Ramener l’obligation scolaire à 16 ans? «Une forme de mépris ou de démission les jeunes en difficulté»
Roberto Galluccio, ancien acteur de l’enseignement provincial et communal, aujourd’hui administrateur à la Ligue de l’Enseignement, s’insurge contre l’idée d’une scolarité obligatoire ramenée à 16 ans qui n’aurait d’autre but que de fournir aux entreprises «une main-d’œuvre peu qualifiée et bon marché».
Libérer plus tôt un jeune de l’école, que vous inspire cette suggestion?
Je la relie à une volonté, bien présente en Flandre, de se désengager de l’enseignement qualifiant au motif qu’il pose problème. Il existe au nord du pays une sorte de «bashing» à l’égard de ce qu’on y appelle les «écoles noires», les filières d’enseignement professionnel et en alternance qui accueillent un public en manque de motivation. On en conclut que ce public scolaire-là tire vers le bas les scores de performance affichés par l’enseignement flamand dans les évaluations internationales comme Pisa (NDLR: classement organisé par l’OCDE).

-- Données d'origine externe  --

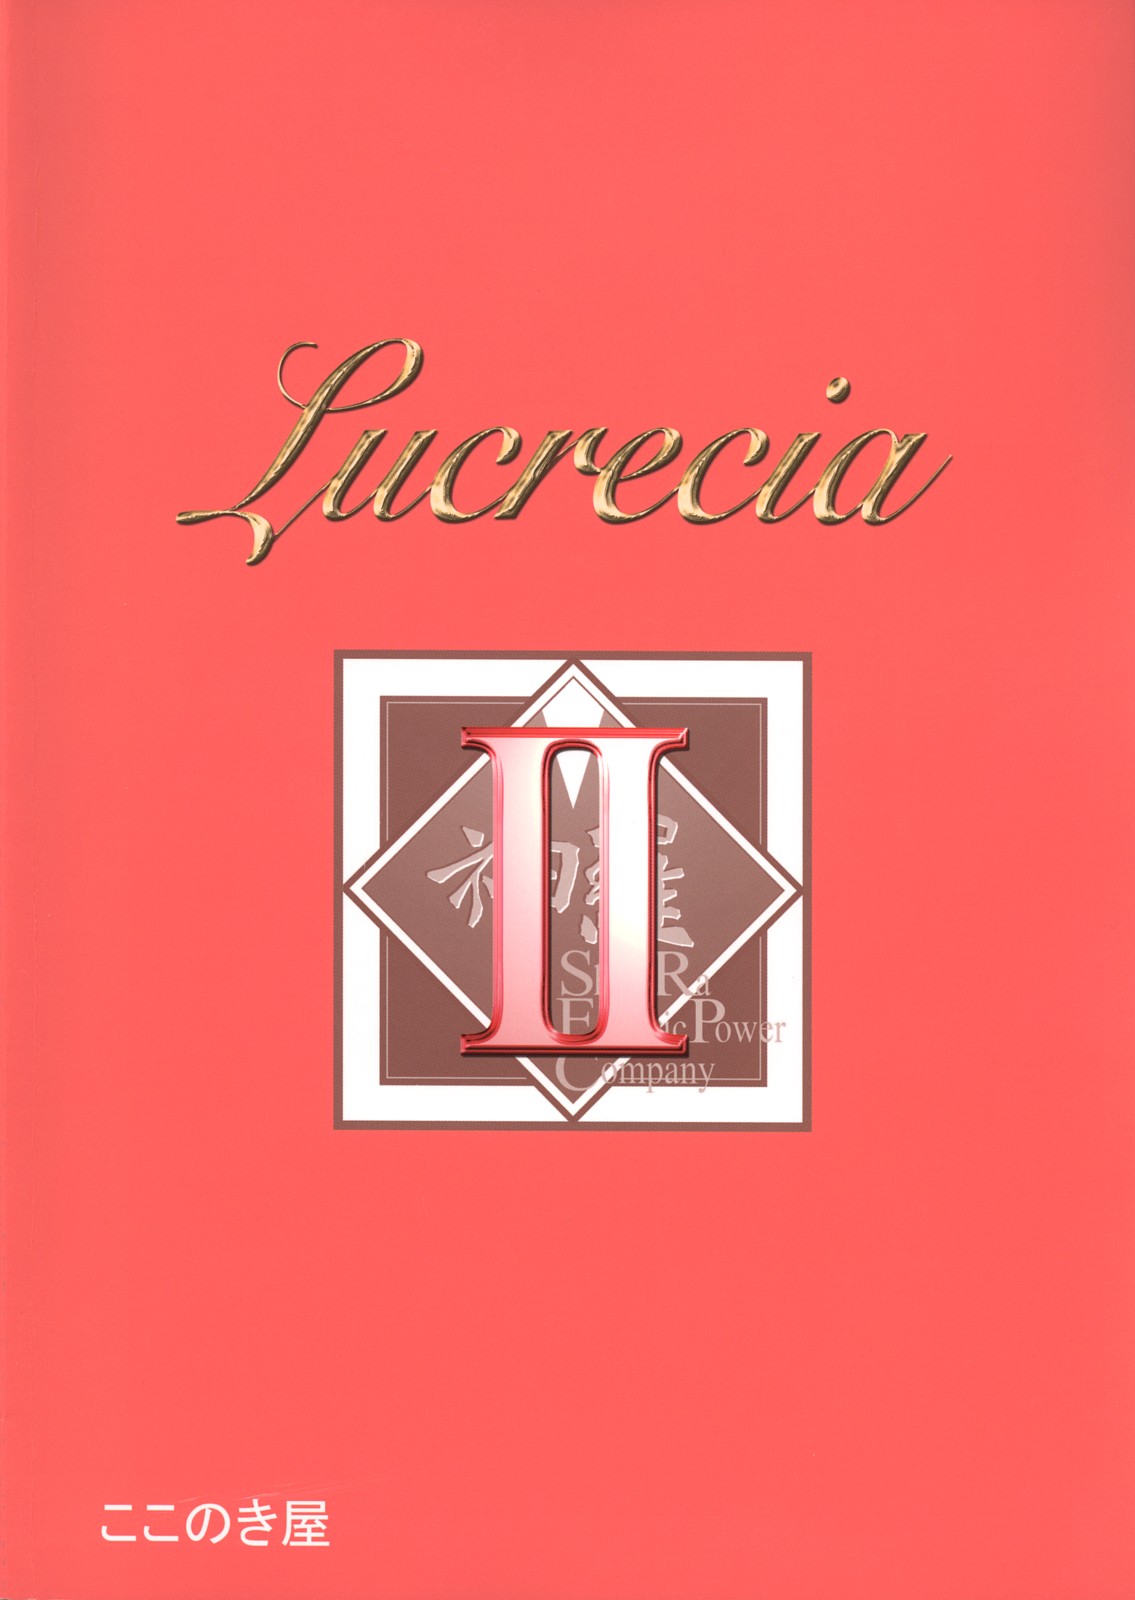 [Nao Kokonoki] Lucrecia II (Final Fantasy 7) 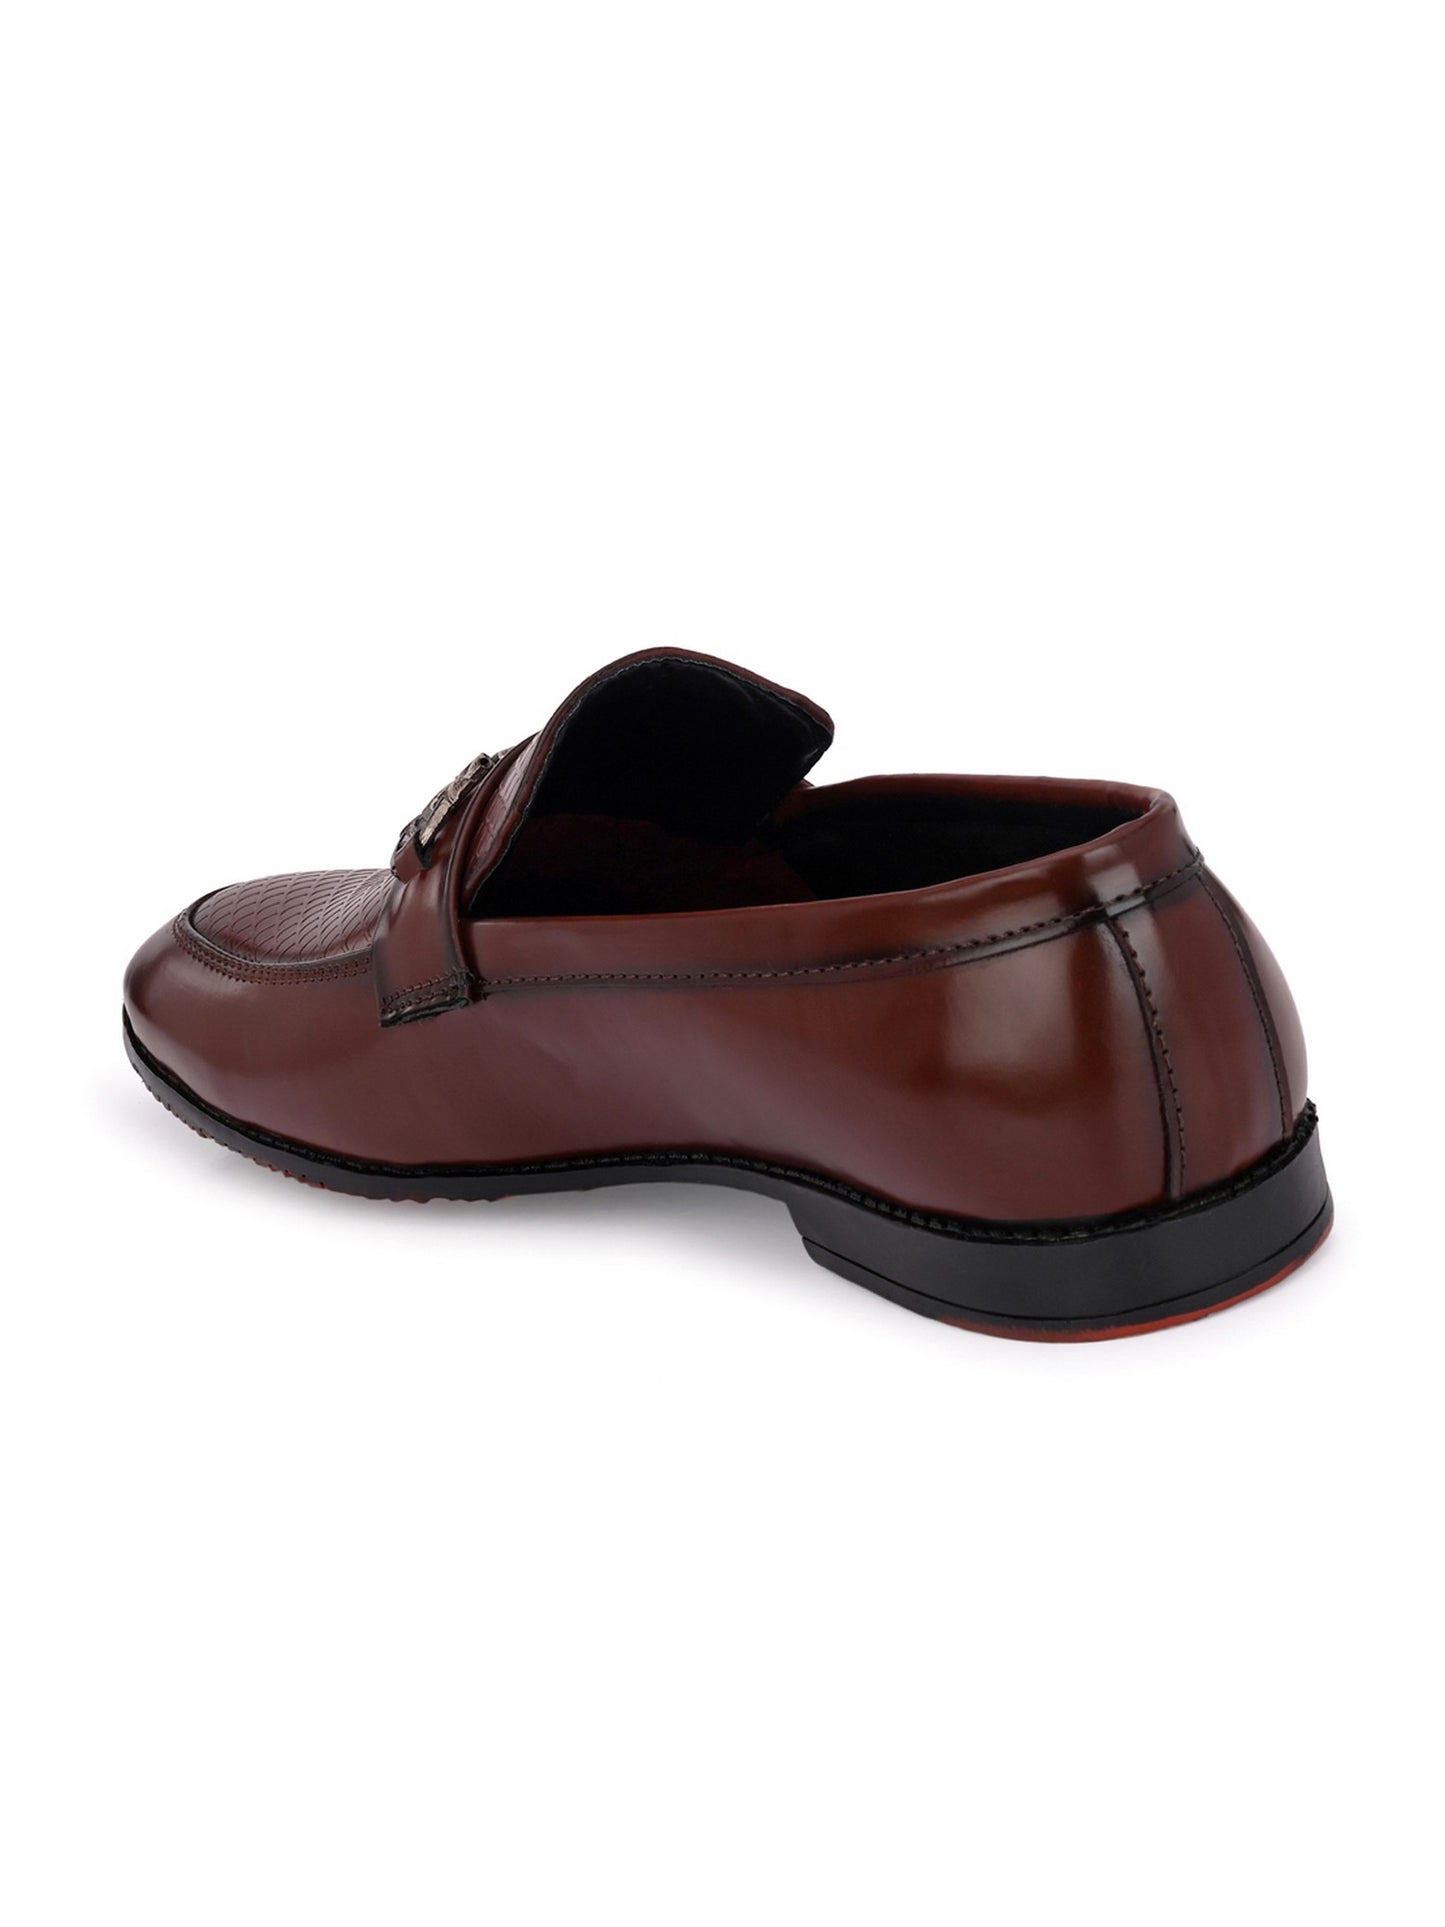 Guava Men's Brown Slip On Party Formal Shoes (GV15JA791)

D’où la tentation de se débarrasser des «mauvais élèves» en les autorisant à quitter l’école dès 16 ans?
Ce type de réflexions est aussi lié à la situation de quasi-plein emploi d’une Flandre confrontée à une pénurie de personnel peu qualifié. Réduire la durée de l’obligation scolaire dégagerait un énorme potentiel de jeunes infrascolarisés, donc infrasalariés, susceptibles de répondre à des besoins immédiats en main-d’œuvre à bon marché. Ce n’est pas un hasard si c’est un expert attaché à l’OCDE, organisme à vocation commerciale, qui prône cette approche adéquationniste par ailleurs conforme au credo nationaliste flamand.
Ce genre de question ne gagnerait-il pas à être posée dans l’espace francophone?
Non, elle ne se pose pas hormis l’un ou l’autre ballon d’essai lancé de temps à autre par un politique. Abaisser l’obligation scolaire à 16 ans signifierait une régression pour l’enseignement de la Communauté française, où l’on investit énormément dans une réforme systémique. Réforme du qualifiant pour éviter d’en faire une filière de relégation, introduction du tronc commun (NDLR: nouveau parcours d’apprentissage de la 1re maternelle à la 3e secondaire), renforcement de la filière en alternance. On y considère la formation scolaire en technique et en professionnel comme une formation humaniste qui doit permettre au jeune d’y trouver de quoi orienter ses choix de vie sans se retrouver un jour coincé dans le monde du travail sans autre issue possible, cela parce qu’on l’y aurait poussé précocement. L’obligation scolaire jusqu’à 18 ans fait office de garde-fou pour un jeune qui ne possède pas encore les outils suffisants de certification. La formation en entreprise n’est pas non plus sans danger lorsqu’une entreprise en difficulté recourt au personnel comme variable d’ajustement. C’est alors le jeune, seulement détenteur d’un certificat d’études de base (CEB) à la sortie du primaire, qui en fait les frais.
Inutile d’ouvrir ce genre de discussion qui relève d’une forme de mépris ou de démission envers une catégorie de jeunes en difficulté.
Mais à quoi bon maintenir jusqu’à 18 ans un jeune réfractaire à l’école? Ne faut-il pas prendre acte d’un constat d’échec dans la lutte contre le décrochage scolaire?
Je pourrais éventuellement être d’accord avec ce genre de raisonnement si la Fédération Wallonie-Bruxelles n’avait pas mis en place un dispositif de lutte contre le décrochage scolaire. Une réforme de la formation initiale des enseignants vise à mieux les outiller face à un public scolaire plus difficile à «manier». En quoi ramener l’obligation scolaire à 16 ans changerait positivement la situation des Neets, ces jeunes qui ne sont ni à l’école, ni en formation, ni à l’emploi? Inutile d’ouvrir ce genre de discussion qui relève, à mes yeux, d’une forme de mépris ou de démission envers une catégorie de jeunes en difficulté.
Ne faut-il pas en finir avec une certaine sacralisation du parcours scolaire? Un lieu de travail ne peut-il pas être plus motivant pour un jeune qu’une salle de classe?
L’enseignement, c’est bien davantage que le monde du travail. Dialoguer avec ce monde ne doit pas signifier être à son service. L’école a pour vocation d’outiller suffisamment les jeunes pour en faire des citoyens, davantage que de produire des travailleurs infraqualifiés et infradiplômés.